He told me I looked like a slut when I wore eye makeup, so I stopped.
He told me I could only wear tight clothing or my “hooker heels” when I was with him, so that’s what I did.
He demanded to check who I had been texting, and said if I didn’t show him, he’d never speak to me again. So I gave him my phone.
He said he didn’t want me partying or going out when he wasn’t around. So I stayed in.
He promised me we’d go out to dinner, that we could go on a real date. Then he didn’t give me a call until midnight. And I still answered.
He told me he loved me. Then he took it back. On repeat.
And he wasn’t my boyfriend.
I don’t think I can say this loud enough: you do not have to be in a labelled relationship with someone for it to be abusive.
And you may not realize just how abusive it is until it is over.
In the moment, it’ll seem normal. Noble, even, that he doesn’t want you go out and be around other men wearing a little dress and heels, protective and loving that he wants you to save your best for him.
But he isn’t saving his best for you.
Don’t think it’s not abusive because he doesn’t, hasn’t, wouldn’t ever lay a hand on you. Don’t think it’s not abusive because he always comes back to you, no matter how badly you fight. Don’t accept him treating you differently when he is around different groups of people, because yes, this is abusive too.
Maybe he tells you that you look nice some days. Maybe he calls you honey, baby, sugar. Maybe he’ll occasionally think to grab you milk, or cereal, or something else you’ve run out of. Maybe he’ll even tell you he loves you. These things alone do not make a healthy relationship. This is settling. Do. Not. Settle.
It isn’t brave or courageous to stick around for a one-sided relationship that won’t ever be what you want it to be. It is sad, it is lonely, and it can leave you with a whole host of issues you never anticipated having. It may not even feel like you can actually “leave.” After all, you aren’t really together, are you? It isn’t as cut and dry as the end of a real relationship (not that endings are ever simple). You don’t get to say, “I’m breaking up with you,” you just have to go. You must do whatever you have to in order to stay gone. I had to leave without saying goodbye.
It hurts.
And it isn’t only about romantic relationships either, honestly. Abusive friendships can destroy you just as easily. The friend that only gives backhanded compliments, subtly reminding you that she thinks she is better than you. The friend who demands your time and attention to help her with her problems, but then discredits your own problems and won’t help or listen.
You can be in an abusive relationship with someone who isn't your "boyfriend," "girlfriend," "fiancé," "husband/wife," "best friend." The label means less than the content of the relationship. The bad news is that people like this don't come with a warning label. You probably won't realize what is happening until it is far too late, until they are such a large part of your life that you can't imagine losing them and you love them so much that you don't think you could bear it. But the good news is, you can bear it.
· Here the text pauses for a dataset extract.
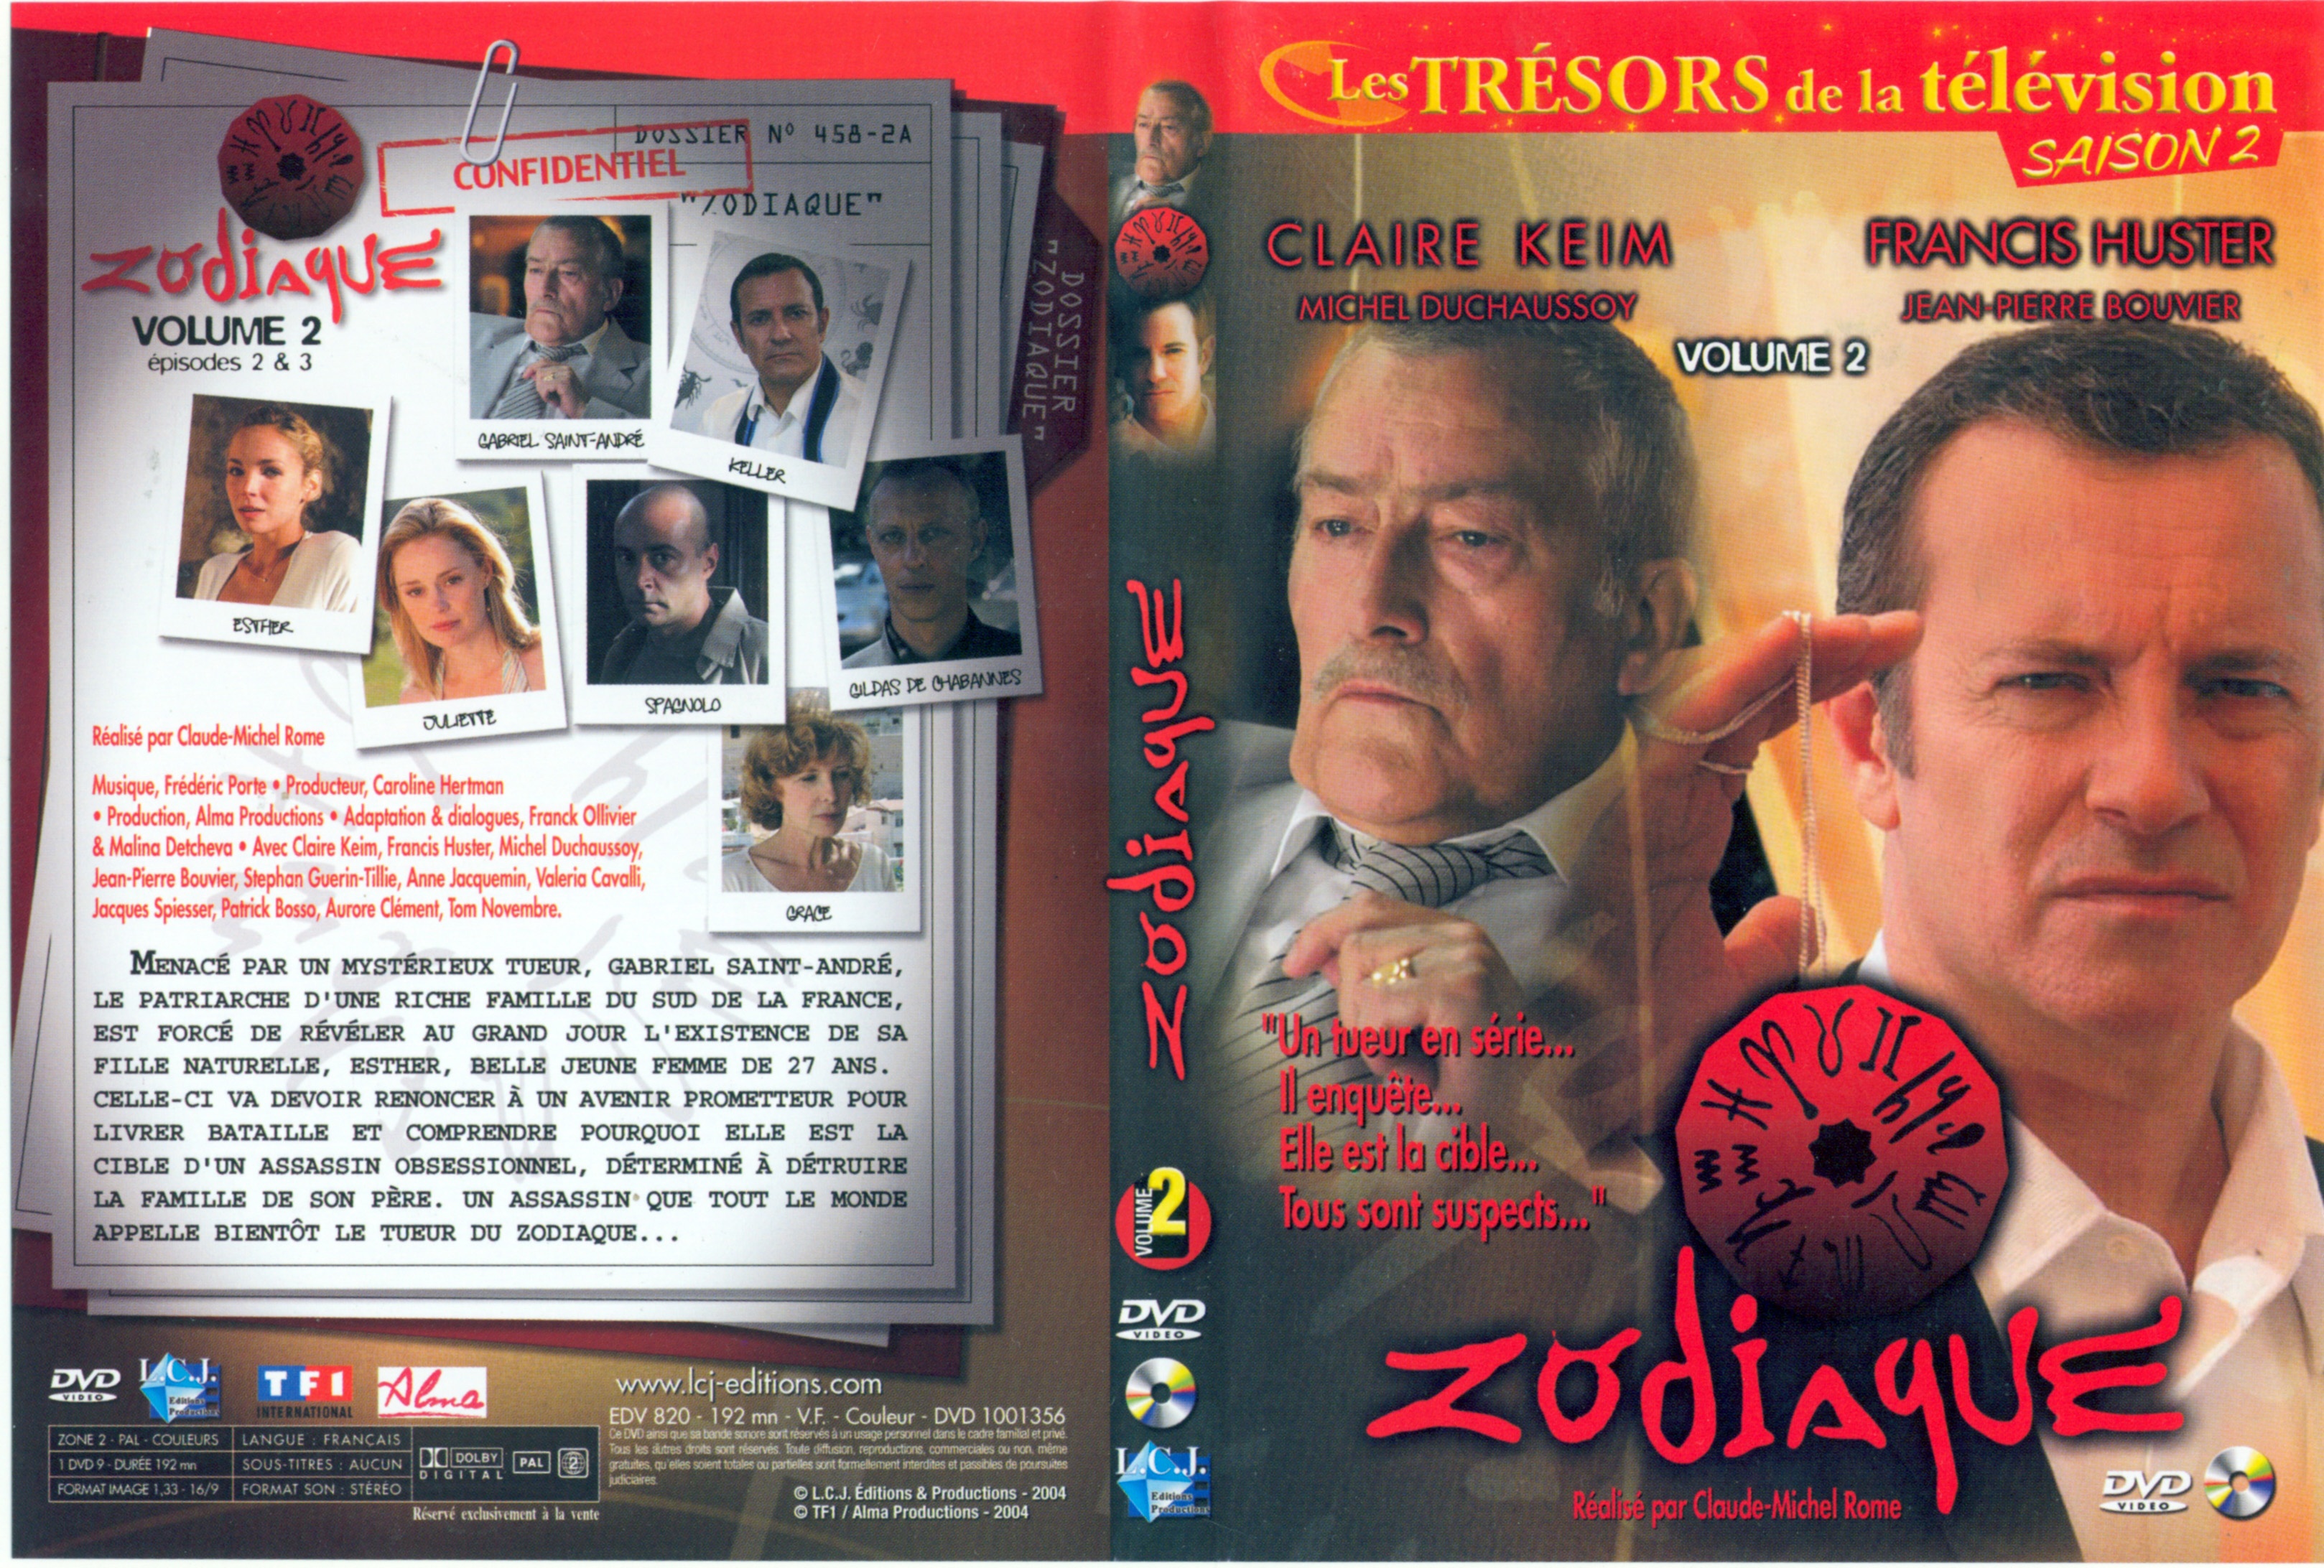 Jaquette DVD Zodiaque vol 2

You deserve to be someone's honey baby sugar, but only someone who deserves to call you those things. You were wonderful and yourself before they ever came around and you will continue to be long after they are gone.
Walking away is hard and horrible, but I promise staying is worse. Muster all your strength and go. Break up with the idea of him (or her). Make like a tree and leave, and be free to plant your roots and grow healthfully and beautifully elsewhere.